It’s been nearly a month since my last posting. If you’ve come looking for an update and left disappointed, I apologize. It’s a poor excuse, but this is my busiest time of the year. Last week was our annual strategic planning retreat, so my head has been down, buried in the details preparing for the retreat rather than looking around at the bigger picture.
Two days ago I got the chance to see a broader view.
After weeks of wearing “planning blinders” — staring at statistics, wrangling over agenda items, and analyzing Guatemala in terms of poverty and problems and how we can best address them — I got the chance to just look at Guatemala.
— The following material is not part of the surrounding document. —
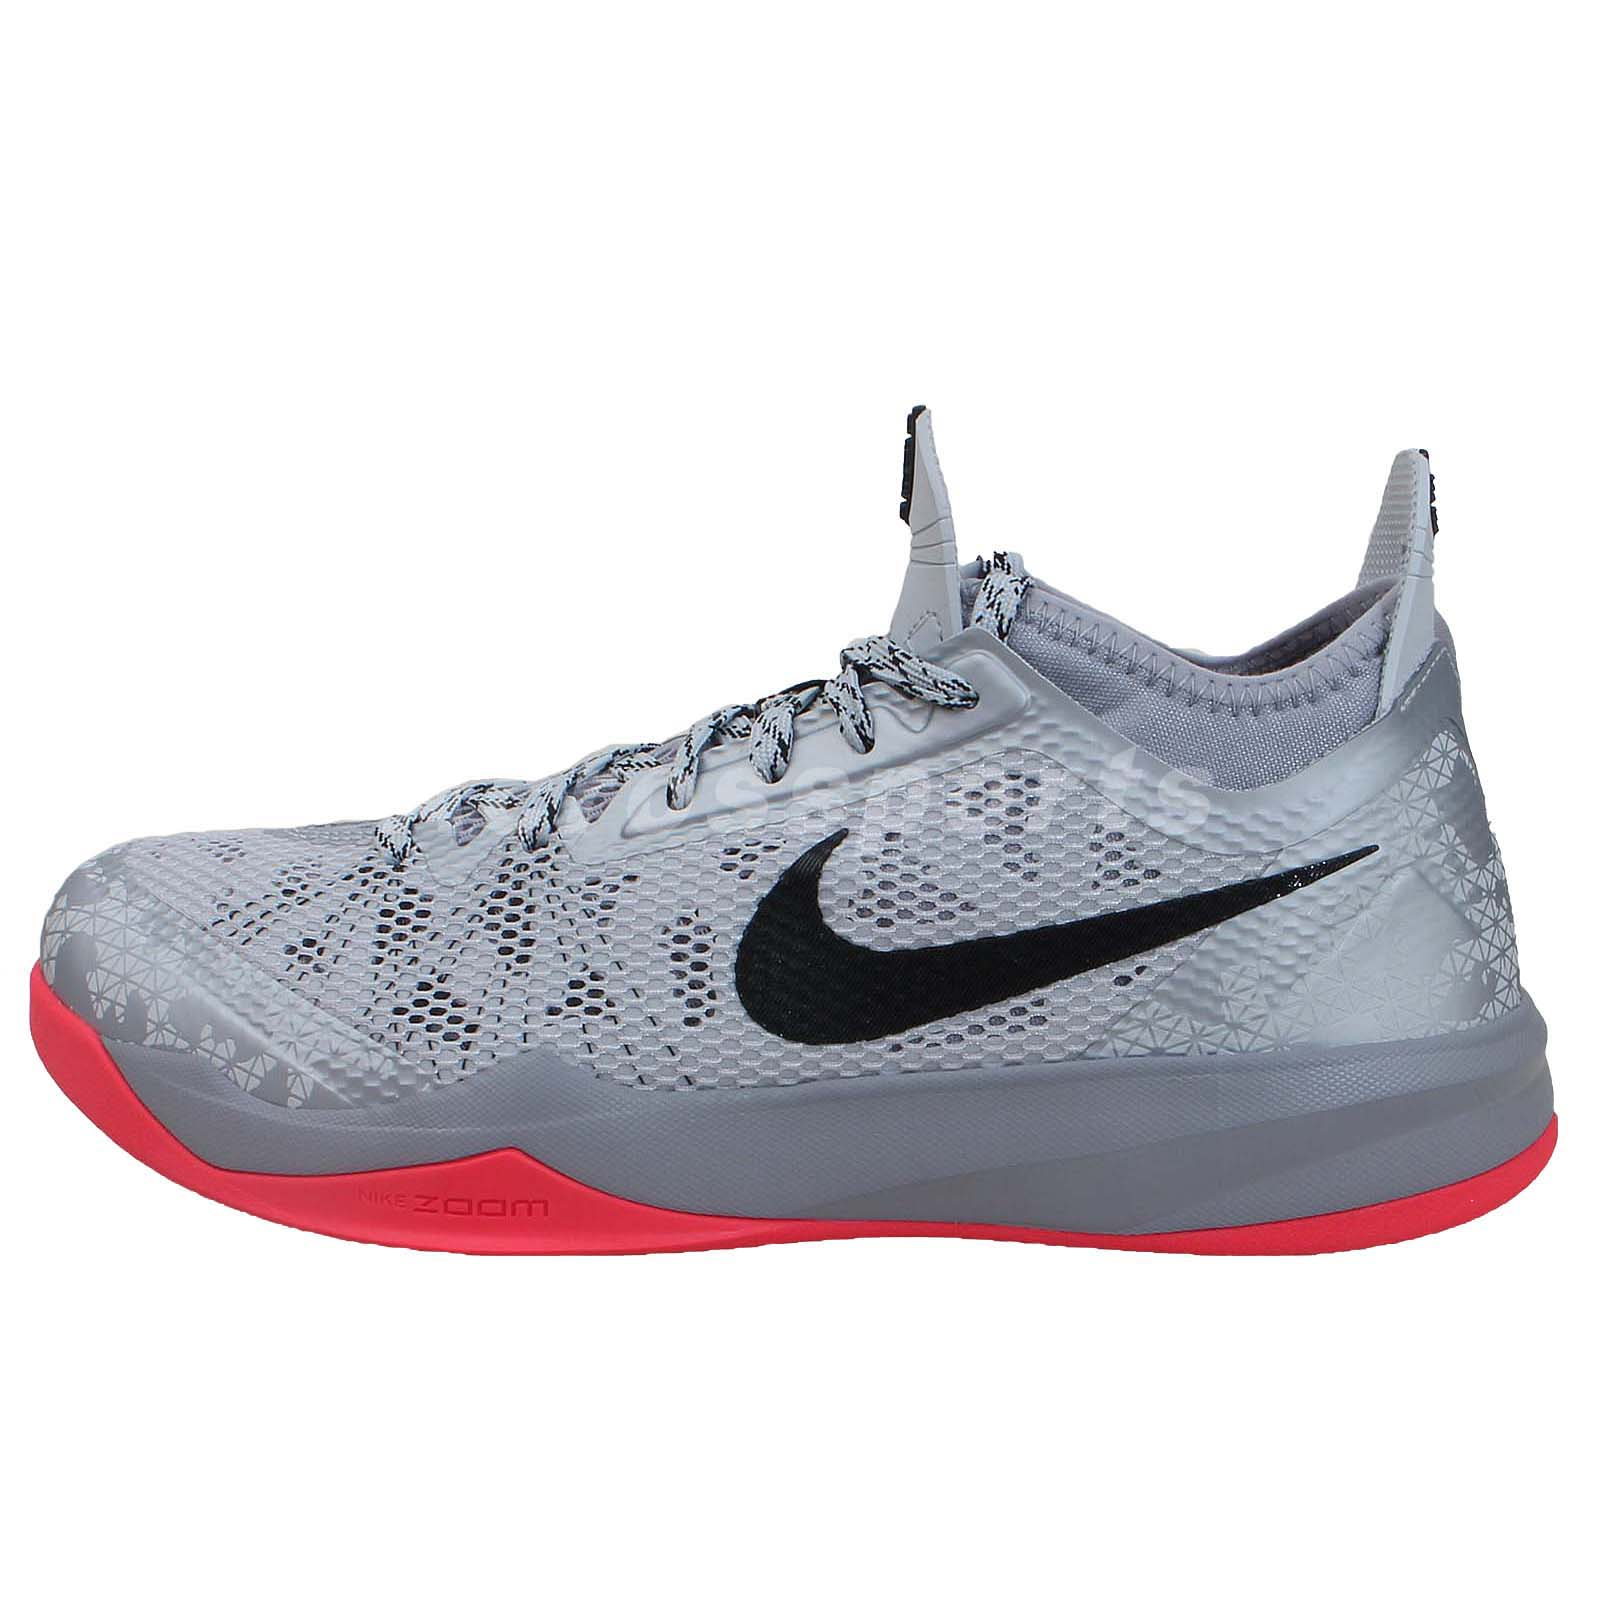 James Harden Gold Shoes: Nike Zoom Crusader Outdoor XDR Silver 2014 James Harden

Flying over rural Guatemala you don’t see faces of poverty, even though you can find some of the worst of it there, you see a rippling green sea of trees. On top of the ridges of the hilly countryside you see roads, but from there you don’t see them as avenues of chaos but spindly arms that reach out to connect isolated villages.
It made me smile, and remember what a treat it is to be able to fly.
Four years ago I got a similar gift. I had spent the last six months supervising the construction of the New Hope School, and was more than ready for a little vacation. Flying out of Guatemala City, you sometimes pass over our New Hope site, so I kept a watch out for it. Suddenly, there it was, the yellow earth of the hilltop we shaved off to create New Hope Village, dotted with two big rectangles that are the roofs of our offices, and then a bunch of smaller rectangles, the roofs of the houses in the village. I had seen this before, on my last trip to the US, so while it made me happy, it wasn’t unexpected.
But then, to my surprise, I noticed something new. Two big white rectangles just beyond the others — the roofs of the school and the ball court that we had built. Just the day before I had stood under one of those rectangles with the builder and certified that he had completed the work per the contract. And now I was soaring above it, and just then I realized what we had done. I saw how we had actually changed the country of Guatemala.
Of course the point of the school isn’t the building, it’s what happens inside, and even massive, reinforced concrete structures aren’t permanent additions to a landscape. But so much of the real work we do is barely visible — what does hope or critical thinking look like? — that it helps to see something physical to remind you.
So on that flight back from Minnesota on Tuesday evening my spirits were lifted seeing Guatemala from a perspective different from the one I see everyday. Truth be told, I had spent a lot of the flight thinking less positive thoughts. I was anxious about all the work I need to get done in the next few weeks, about what the future holds for me and some people I care about, and beating myself up for things I failed to do or think I could have done better.
And then, wallowing in those kinds of thoughts, I looked out the window and saw the world below, vast and full, at once fleeting and timeless beyond our comprehension. My fears and frustrations became tiny and insignificant. And it made me smile.